List of Abbreviations

abbreviations <- readr::read_delim(col_names = FALSE, delim = ";", trim_ws = TRUE, file = "
  CDM; Common data model
  DPP4; Dipeptidyl peptidase-4
  GLP1; Glucagon-like peptide-1
  IRB; Institutional review board
  LEGEND; Large-scale Evidence Generation and Evaluation across a Network of Databases
  MACE; Major adverse cardiovascular event
  MDRR; Minimum detectable risk ratio
  OHDSI; Observational Health Data Science and Informatics
  OMOP; Observational Medical Outcomes Partnership
  PS; Propensity score
  RCT; Randomized controlled trial
  SGLT2; Sodium-glucose co-transporter-2
  T2DM; Type 2 diabetes mellitus
")

tab <- kable(abbreviations, col.names = NULL, linesep = "", booktabs = TRUE)

if (knitr::is_latex_output()) {
  tab %>% kable_styling(latex_options = "striped", font_size = latex_table_font_size)
} else {
  tab %>% kable_styling(bootstrap_options = "striped")
}

Getting Started

LEGEND-T2DM consists of several R packages available on https://github.com/ohdsi-studies:

LegendT2dm
LegendT2dmCohortExplorer and
LegendT2dmEvidenceExplorer

that depend themselves on a large number of packages from Hades (add link). To gracefully handle these dependencies, LEGEND-T2DM uses renv through a version-controlled renv.lock file to specify each package. To install LegendT2dm and all of its dependencies, we first "pull" the lastest source from github:

git clone https://github.com/ohdsi-studies/LegendT2dm

then from within an R or Rstudio terms, we active renv:

install.packages("renv") # Only necessary once
renv::activate()
renv::restore()

after which one can now build and install the final LegendT2dm package.

Exposure Cohort Counts

For the Class-vs-Class Study, we will construct $$ \begin{aligned} & (4 \text{ drug-class targets})\ \times \ & (2 \text{ On-treatment censoring types})\ \times \ & (2 \text{ Prior metformin-use choices}) \ & = 16 \end{aligned} $$ exposure cohort definitions. Likewise, for the Drug-vs-Drug Study, we will construct $$ \begin{aligned} & (22 \text{ drug-ingredient targets})\ \times \ & (2 \text{ On-treatment censoring types})\ \times \ & (2 \text{ Prior metformin-use choices}) \ & = 88 \end{aligned} $$ exposure cohort definitions. For the Heterogeneity Study, we will stratify each of these cohort definitions into $$ \begin{aligned} & 3 \text{ (age: 18-44 / 45-64 /}\ge\text{65) } + \ & 2 \text{ (sex: female / male) } + \ & 1 \text{ (race: Black) } + \ & 2 \text{ (cardiovascular risk: lower / higher) } + \ & 2 \text{ (renal impairment: with/without) } \ & = 10 \end{aligned} $$ additional definitions, results in $(16 + 88) \times 10 = 1040$ further cohort definitions.

Exposure Cohort ID Key

This section documents internal coding used across the three studies to label cohort definitions and their SQL representation. Each cohort carries 9-digit identifier $$ \text{ID}\ [DD][T][M][A][S][R][C][K] $$ where Table \@ref(tab:drug-codes) reports the target 2-digit drug codes $DD$ and Table \@ref(tab:category-codes) lists the codes for time-at-risk $T$, metformin $M$, age $A$, sex $S$, race $R$, cardiovascular $C$ and renal (kidney) $K$ categories.

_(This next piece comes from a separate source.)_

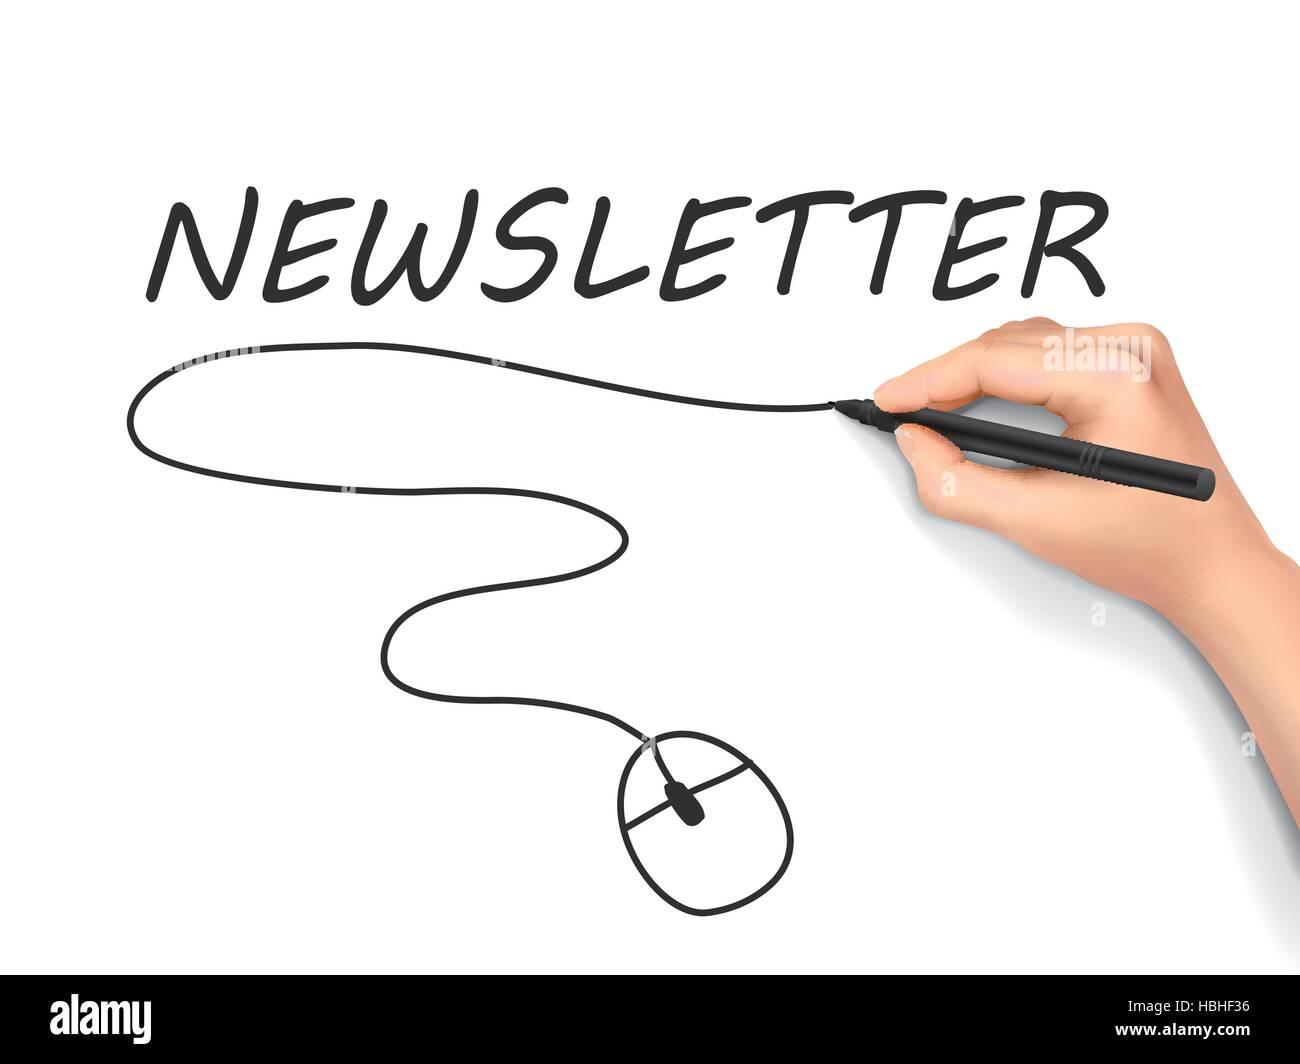 Newsletter Stockfotos & Newsletter Bilder - Alamy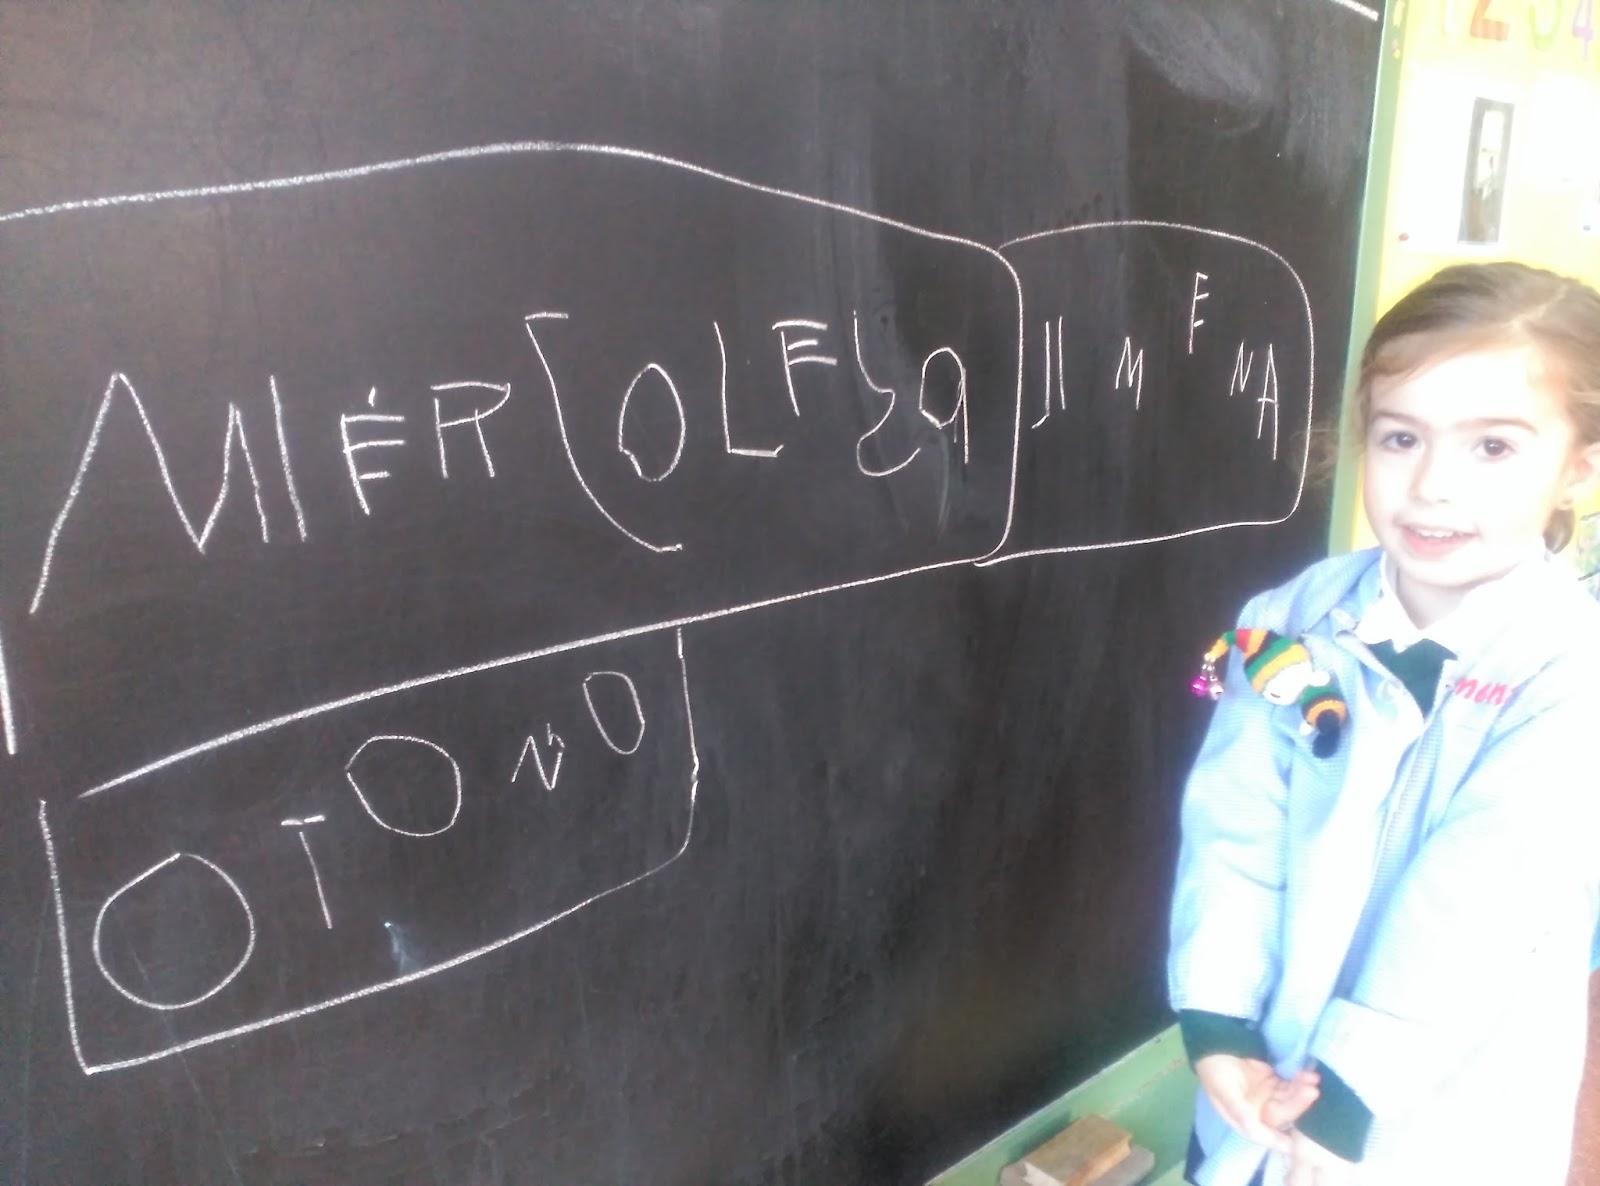 Campones infantil la maquinista de hoy for Esta abierto hoy la maquinista

addTab <- function(name, cohortId) {
  if (cohortId %% 10 != 0) {
    paste0("\\ \\ \\ \\ ", name)
  } else {
    name
  }
}

exposures <- read.csv(system.file("settings/ExposuresOfInterest.csv", package = "LegendT2dm"))

drugCodes <- exposures  %>% arrange(cohortId) %>%
  rowwise() %>%
  mutate(name = addTab(name, cohortId)) %>%
  select(name, cohortId) %>%
  rename(Drug = name, "2-digit Code" = cohortId)

tab <- kable(drugCodes, booktabs = TRUE, linesep = "",
             caption = "2-Digit Drug Codes") %>%
  column_spec(1, width = "10em") %>%
  column_spec(2, width = "30em")

if (knitr::is_latex_output()) {
  tab %>% kable_styling(latex_options = "striped", font_size = latex_table_font_size)
} else {
  tab %>% kable_styling(bootstrap_options = "striped")
}

categoryCodes <- readr::read_delim(col_names = TRUE, delim = ";", trim_ws = TRUE, file = "
  Category; Value; 1-digit Code
  Time-at-risk;
  ; ITT/OT1; 1
  ; OT2; 2
  Metformin;
  ; prior; 1
  ; none; 2
  Age ;
  ; any; 0
  ; younger; 1
  ; middle; 2
  ; older; 3
  Sex ;
  ; any; 0
  ; female; 1
  ; male; 2
  Race ;
  ; any; 0
  ; Black; 1
  Cardiovascular risk ;
  ; any; 0
  ; low; 1
  ; higher; 2
  Renal disease ;
  ; any; 0
  ; without; 1
  ; with; 2
")

footnote <- c("ITT: intent-to-treat; OT1: on-treatment-1; OT2: on-treatment-2")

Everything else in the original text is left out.